Most car insurers have a no excess option for policyholders. It may seem attractive initially in that you do not have to pay a large cash sum when claiming. However, a no excess car insurance policy is more expensive. It significantly increases your monthly premiums and may be difficult to sustain if you are on a tight budget. Fortunately most car insurers have intermediate options. Policy holders can select a lower excess for a slightly higher premium if the no excess option is unaffordable.
Zero Excess at Claim Stage
Your car insurance premiums are not the only cost for covering your vehicle. Insurers levy an excess at claim stage which is your responsibility to pay. This excess is essentially a co-payment that is payable to the panel beater for accident damage repairs. In the event of vehicle loss through theft, hijacking or extensive damage (write off), the excess is deducted from the amount paid out to you. Either way, you will be out of pocket for anywhere from a few thousand rand to as much as 10% of the vehicle’s value.
The only time that the insurer will reimburse the excess is if the accident was not your fault and they were able to recover the excess from the other party. This does not always occur, especially when the party at fault is uninsured. Considering that as many as 7 in 10 vehicles in South Africa are uninsured, the chance of recovering your excess in these cases is often slim. This is not a concern if you opt for car insurance with no excess.

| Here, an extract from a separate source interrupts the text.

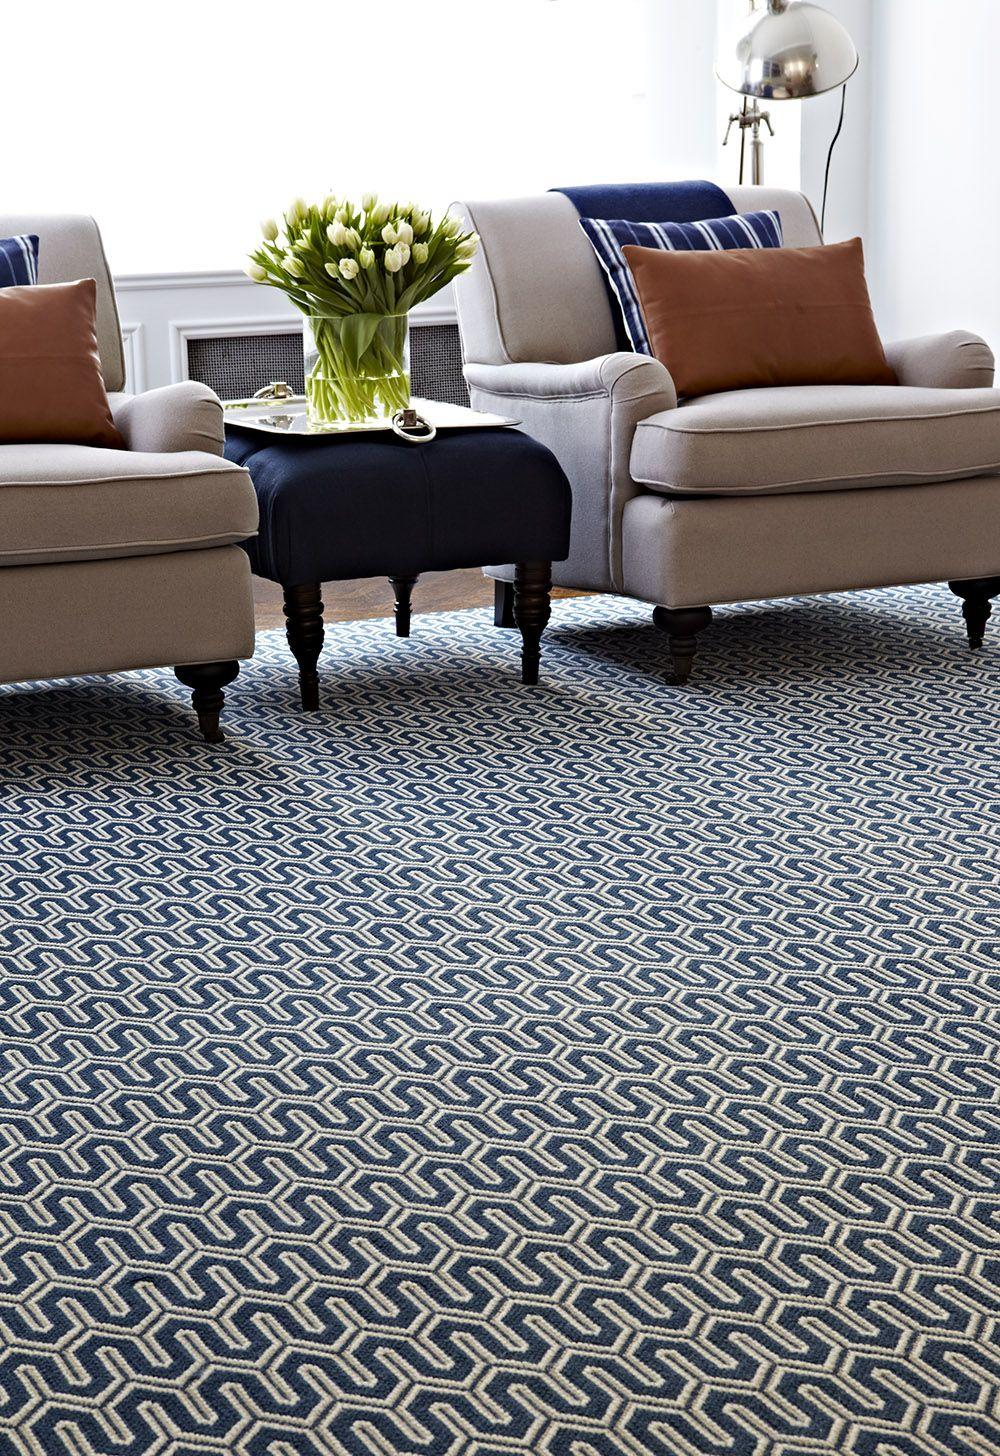 A Striking Navy Geometric Rug In Living Room Stanton

Lower Excess, Higher Premiums
There are two main reasons why insurers impose a car insurance excess. Firstly this large co-payment at the time of claims helps to lower the monthly car insurance premiums. The other main reason is that an excess detracts policy holders from claiming unnecessarily and excessively. It works alongside the no claim bonus incentive to prevent this type of ‘over claiming’ behaviour. However, an excess does not have to be mandatory if you can afford car insurance cover with no excess.
Every vehicle owner is searching for affordable car insurance. Apart from various factors like where you park your car at night and satellite tracking, you can also offset the premiums against the excess. By opting for a higher excess, your premiums will be lower and vice versa. However, it is important to maintain a sustainable balance. You may be keen on the no excess option but can find the higher monthly insurance premiums difficult to afford on an ongoing basis. It is therefore important to plan your budget carefully.
Helpful Tips for No Excess Cover
If car insurance with no excess is not an affordable option, then you need to be financially prepared for the co-payment. You can never be sure when a calamity may strike and you will need to pay an excess. Remember that a panel beater will not release your vehicle after it has been repaired unless you excess is paid in full. Planning ahead will allow you to absorb the financial impact of the excess at claim stage.
- Save monthly towards the excess and keep it separate from your ‘rainy day’ fund. Do not tie up this saving in a fixed deposit that may take weeks or even a month to withdraw.
- Ask your car insurer about the extra benefits and incentives that are available if you are a senior citizen. Some insurers offer no excess cover as standard car insurance for pensioners.
- Rethink how you pay for car insurance. Your insurer may allow a single annual payment and offer you a discount in return. This can make a no excess policy more affordable.
- Shop around among different car insurers at least once a year. The industry is competitive and car insurers are often willing to incentivise new customers with lower premiums. This can make car insurance with no excess more affordable.